January 27, 2023

In the spirit of transparency and candour, Kevin and Kelsey publish weeknotes reflecting on the what and why for their team.

Kelsey’s notes

This week was spent in many meetings and briefings. A few highlights and snippets:

Presenting with Kevin on digital leadership at the Natural Resource Sector Leadership Cohort. We shortened the talk down to 2 hours, which felt manageable and something we can tweak and build on for future presentations.

Slide that says ‘Digital is the note same technology or IT,” with pictures of presenting beside it.
Straight talk from Kevin on digital leadership.
A list of highlights and key takeaways from the training.
Feedback from session participants — people seem to like the digital ecosystem map.

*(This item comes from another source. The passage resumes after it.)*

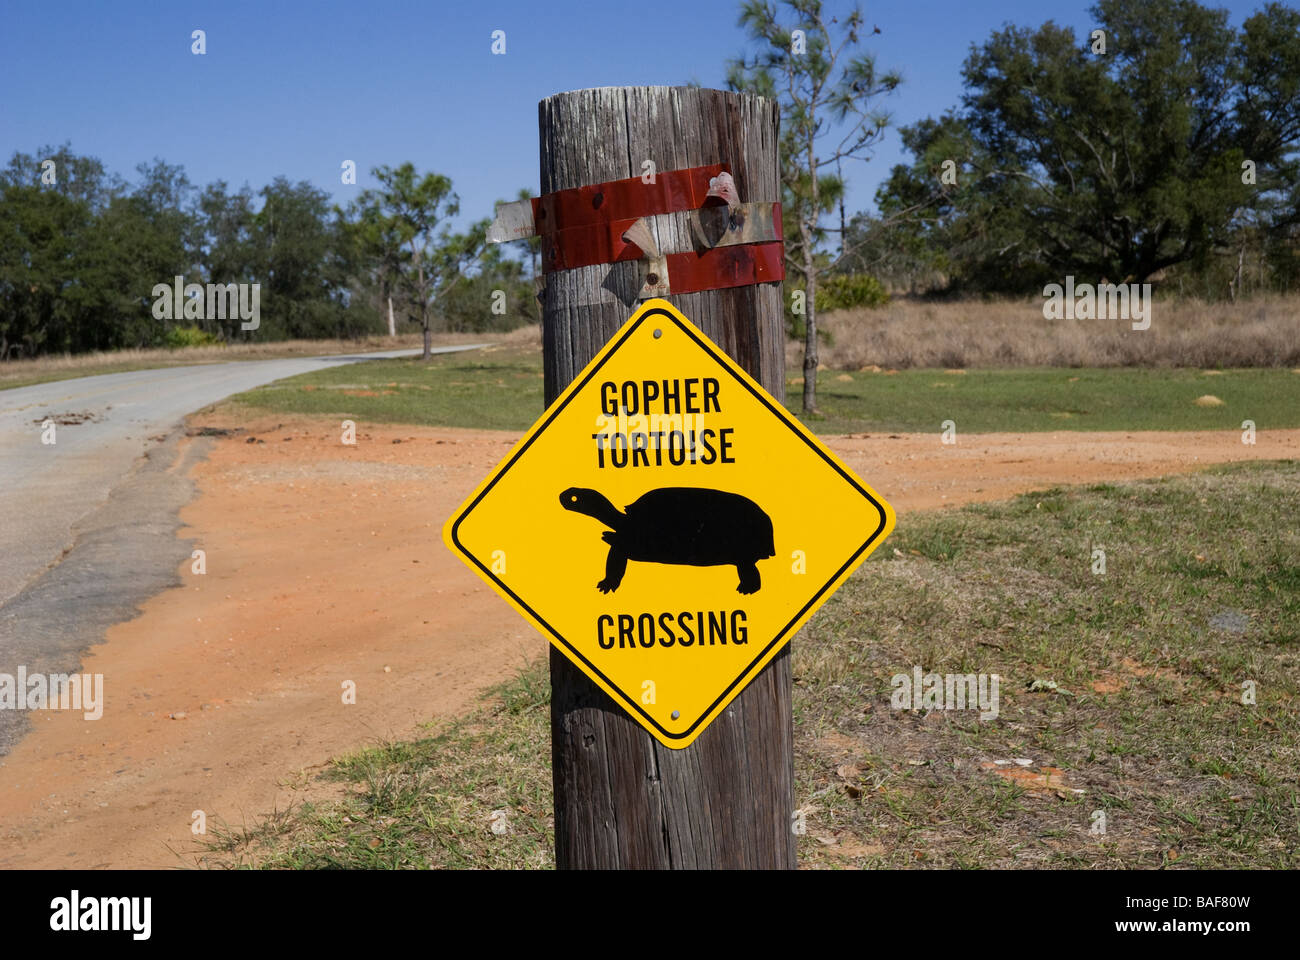 http://c8.alamy.com/comp/BAF80W/endangered-gopher-tortoise-crossing-sign-at-bok-tower-gardens-national-BAF80W.jpg

Sharing ideas on the role and model of the Service Transformation Branch with Ministry leadership. It was great to put some time into thinking about how our team engages with teams and drives digital leadership within the ministry. Always a work in progress…

Slide of role and model focusing on the spectrum of service from doers to advisors.
Our model is a spectrum of service — the branch often starts as doers and eventually graduate to cheerleaders, advisors and supporters (best case scenario!).
Slide of team structure showing various layers. Three lines stacked on each other with text of discipline leadership at the top, then division leadership and last, staff capacity.
We support service transformation across all levels of the organization.
Slide of team structure, with details on discipline leadership for design.
Key roles on our team help to define what ‘good’ looks like in various disciplines and support ministry staff to achieve that standard.

Kevin’s notes

It was an encouraging week for feeling like we’re building a design practice of substance and influence here at ENV. A few key datapoints for that reflection:

As Kelsey mentioned above, delivering a new two hour format of the digital era leadership curriculum to the Natural Resource Sector’s current leadership cohort (of which I’m part). With folks joining from different ministries, with varying levels of experience with digital era ways of thinking and doing, it can be challenging to situate the content in a place that resonates. Good response, good engagement, I’ll deem it a success. Now to do a slight repackaging for a forthcoming day of divisional team building later this spring.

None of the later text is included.